─── Dataset content ───
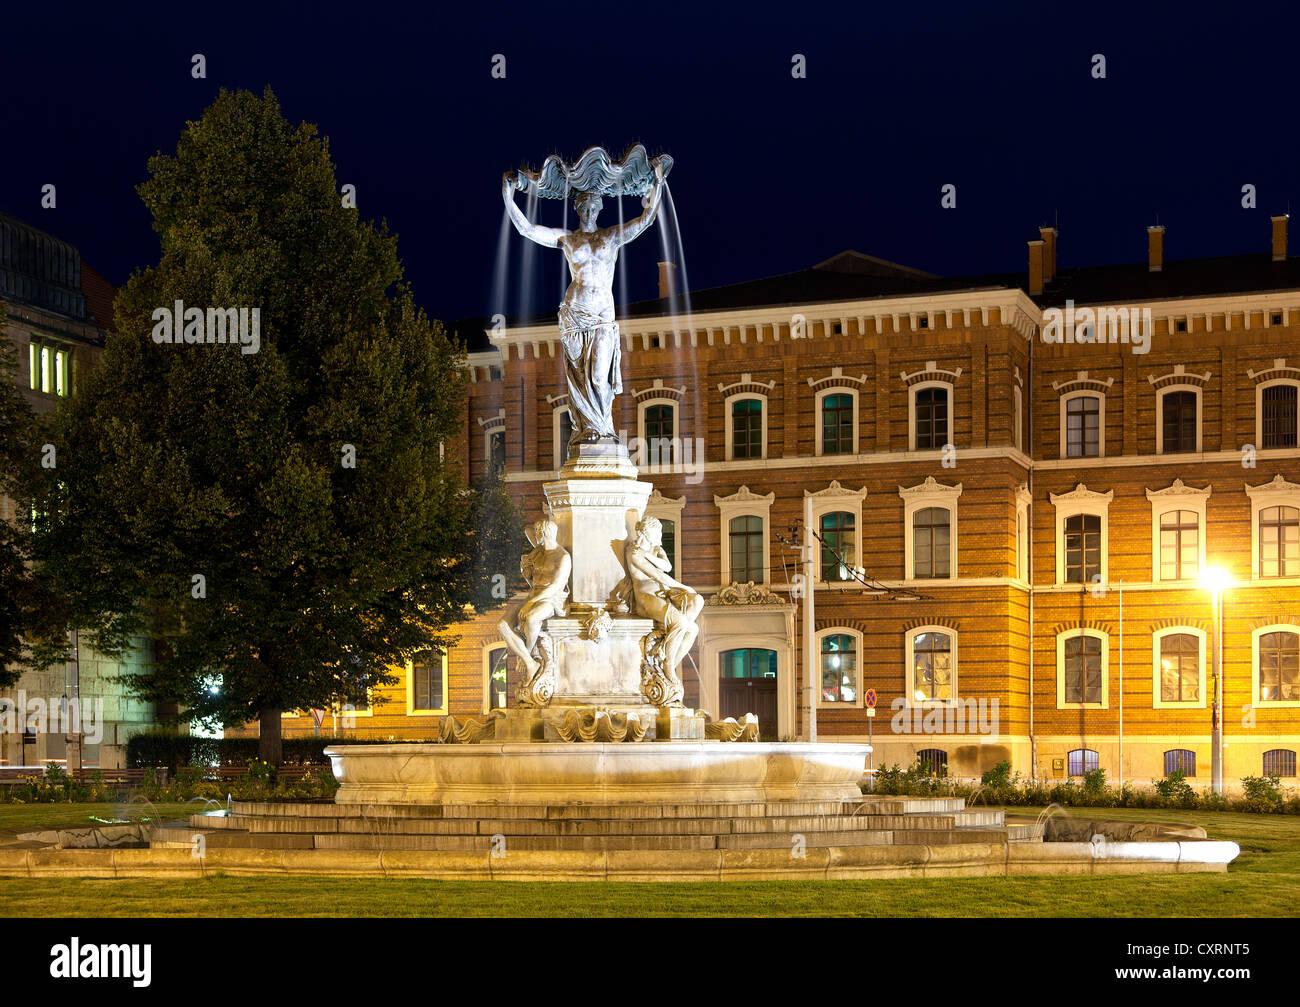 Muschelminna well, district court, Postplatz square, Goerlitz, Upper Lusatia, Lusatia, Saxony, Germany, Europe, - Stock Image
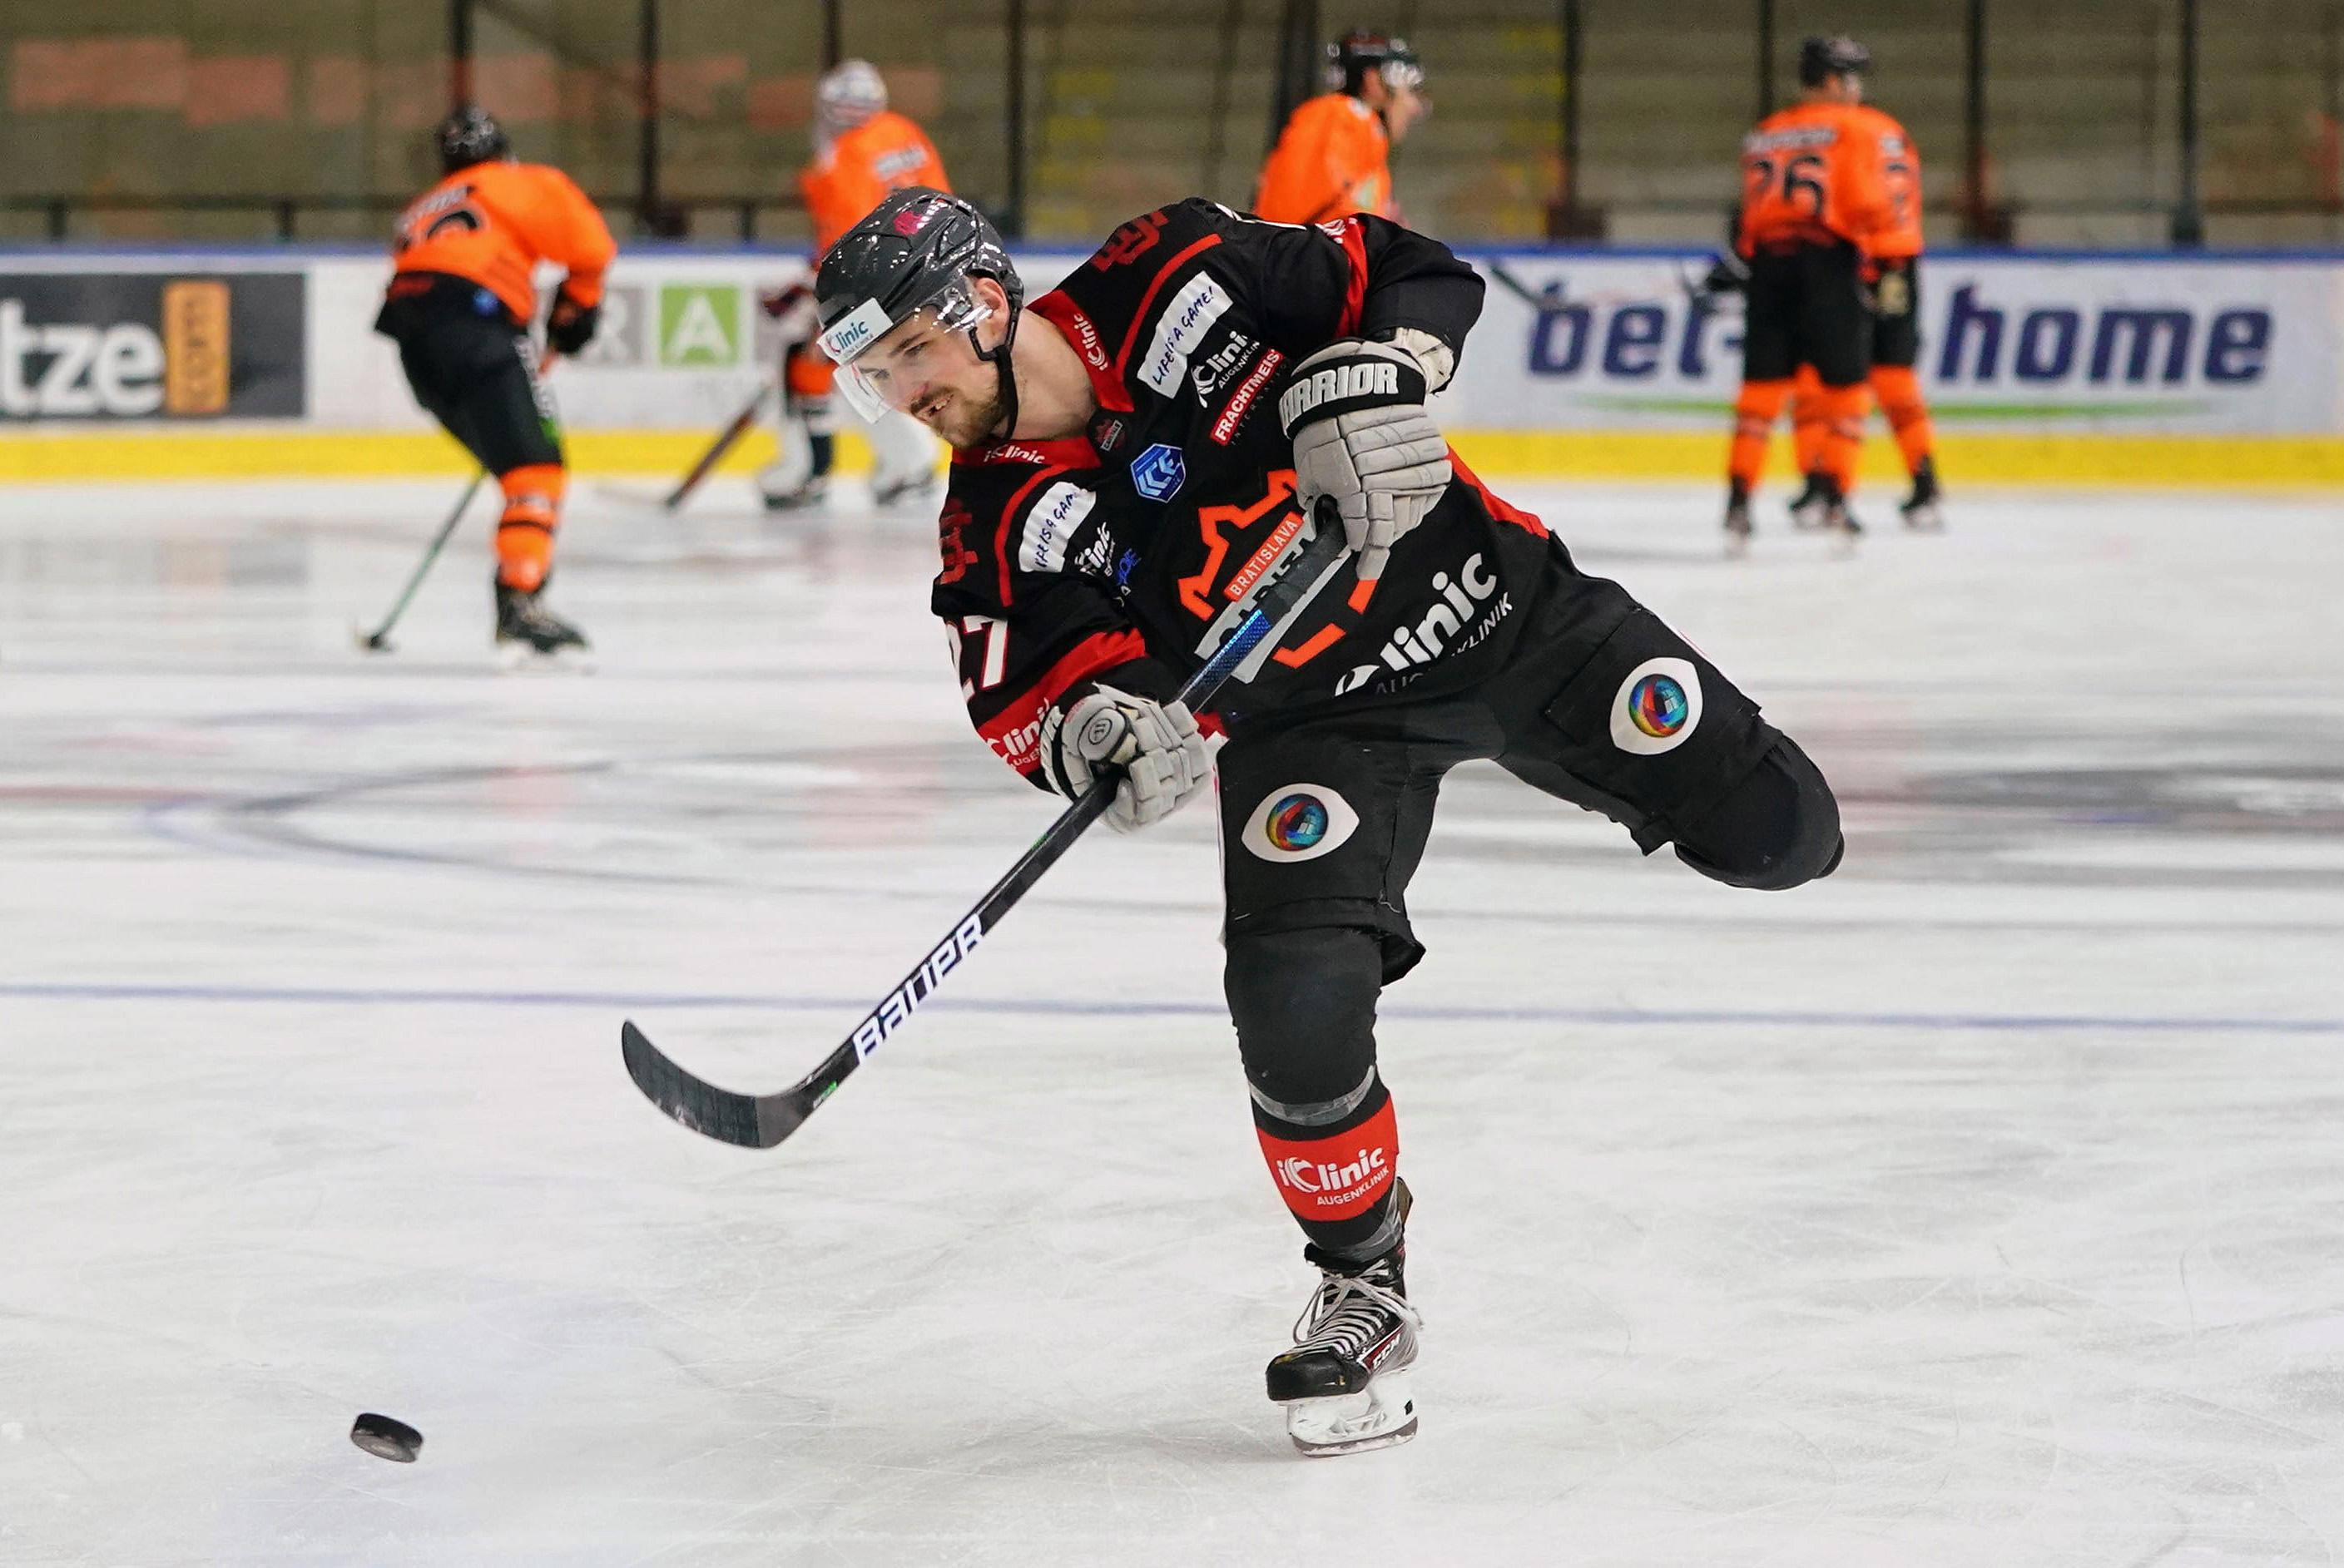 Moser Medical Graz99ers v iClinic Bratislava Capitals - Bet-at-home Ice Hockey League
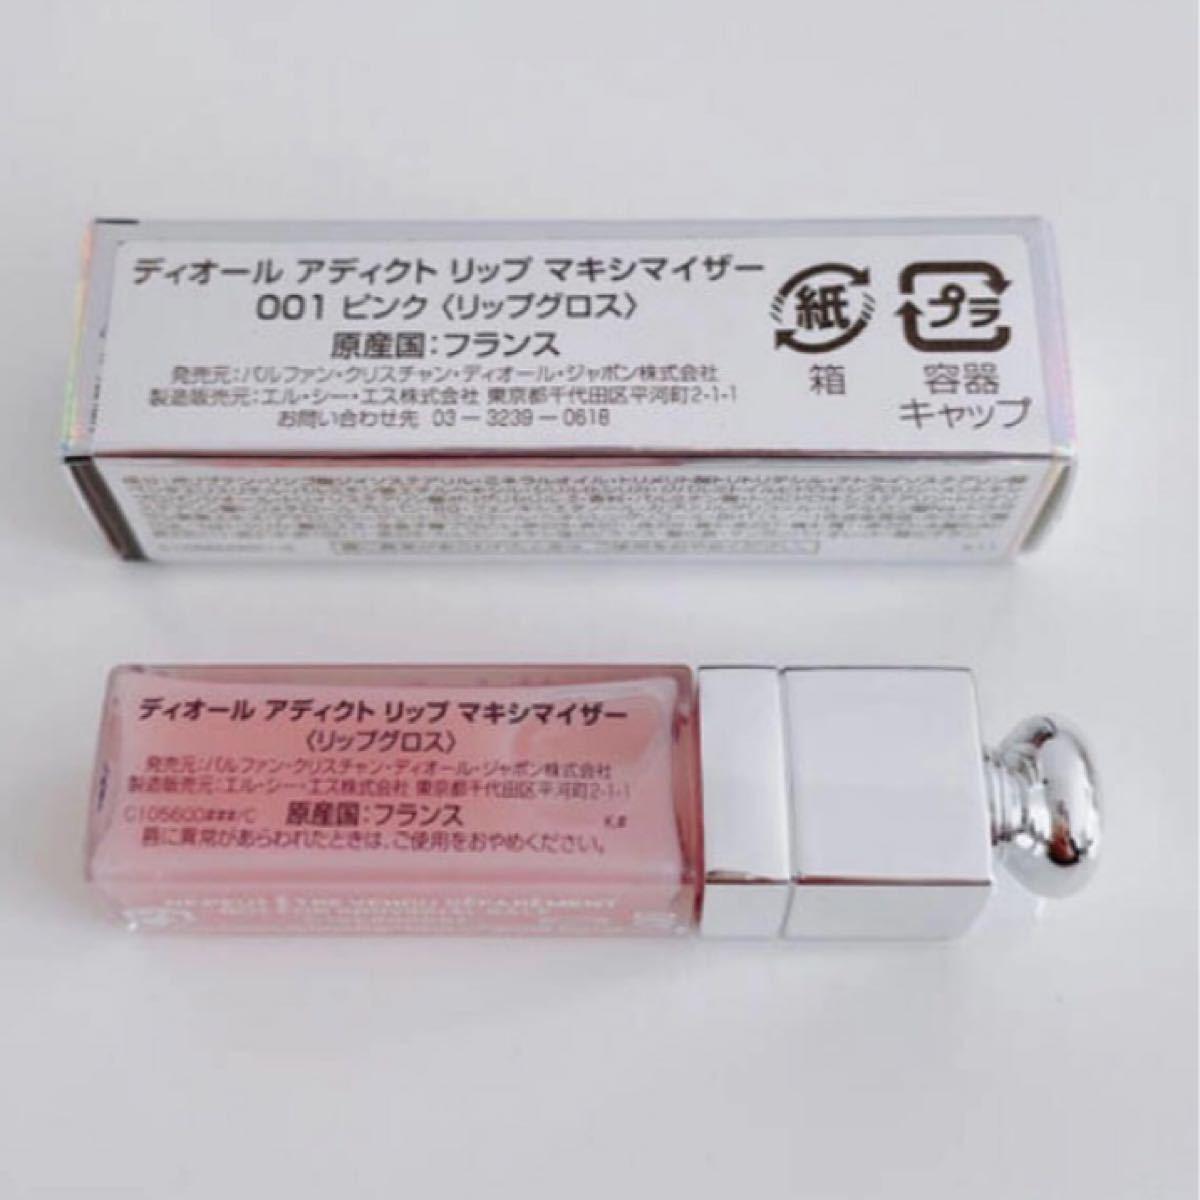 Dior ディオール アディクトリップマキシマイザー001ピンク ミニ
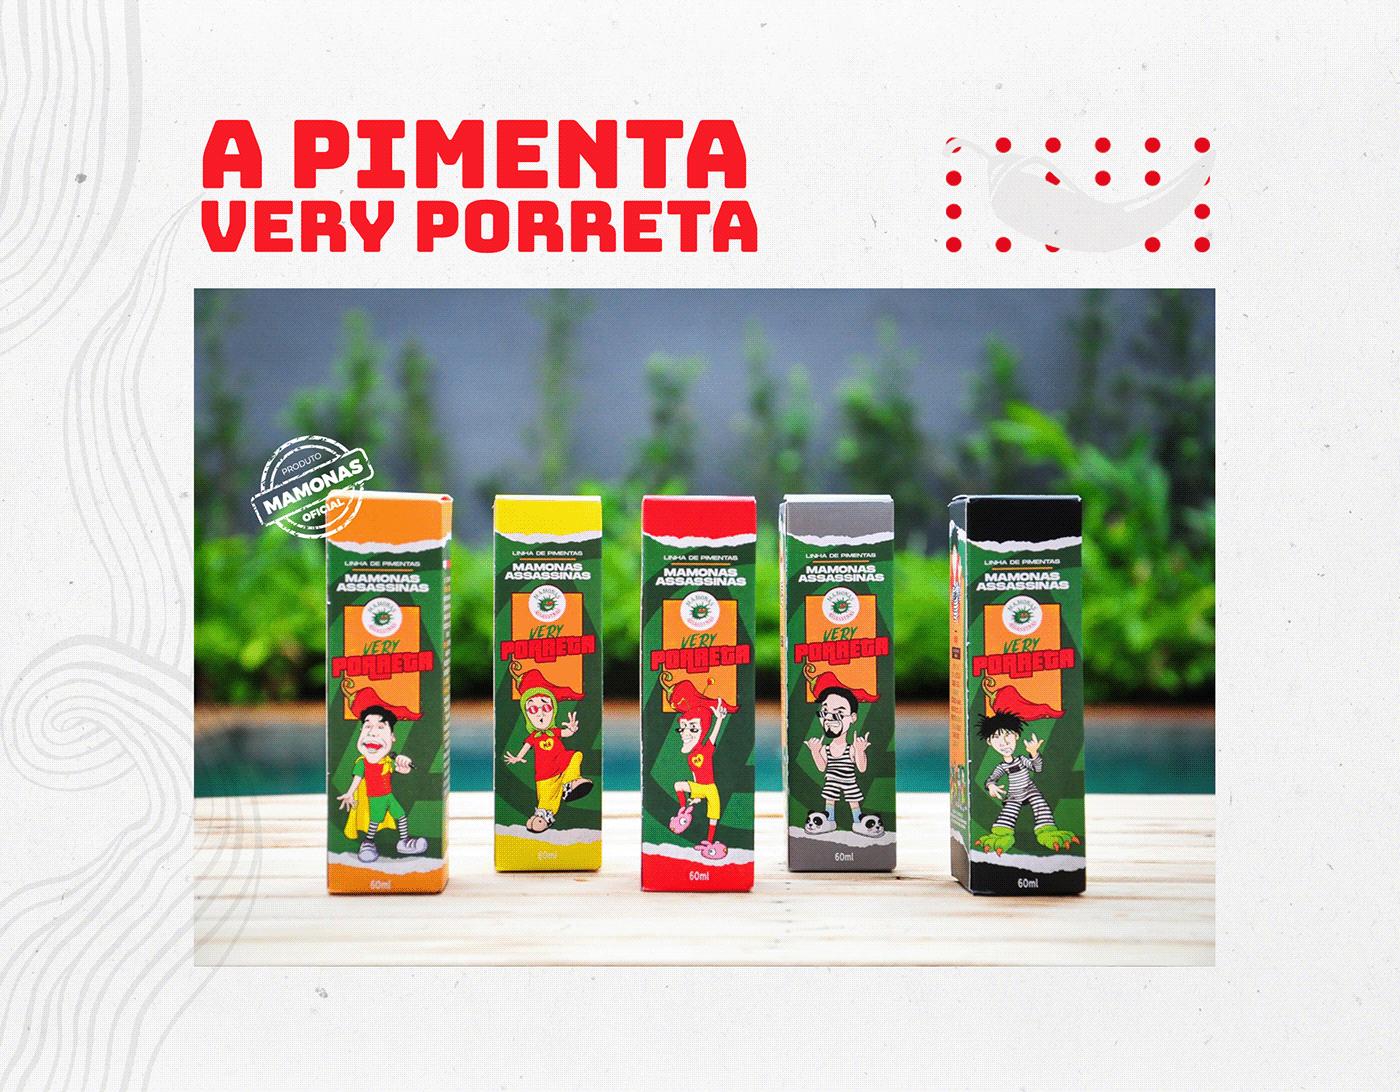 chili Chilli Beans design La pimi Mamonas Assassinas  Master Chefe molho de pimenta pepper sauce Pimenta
───
What this task involves
Reproduce all of the material exactly, apart from the pictures.

Answer space
 Muschelminna well, district court, Postplatz square, Goerlitz, Upper Lusatia, Lusatia, Saxony, Germany, Europe, - Stock Image
 Moser Medical Graz99ers v iClinic Bratislava Capitals - Bet-at-home Ice Hockey League
 Dior ディオール アディクトリップマキシマイザー001ピンク ミニ
 chili Chilli Beans design La pimi Mamonas Assassinas  Master Chefe molho de pimenta pepper sauce Pimenta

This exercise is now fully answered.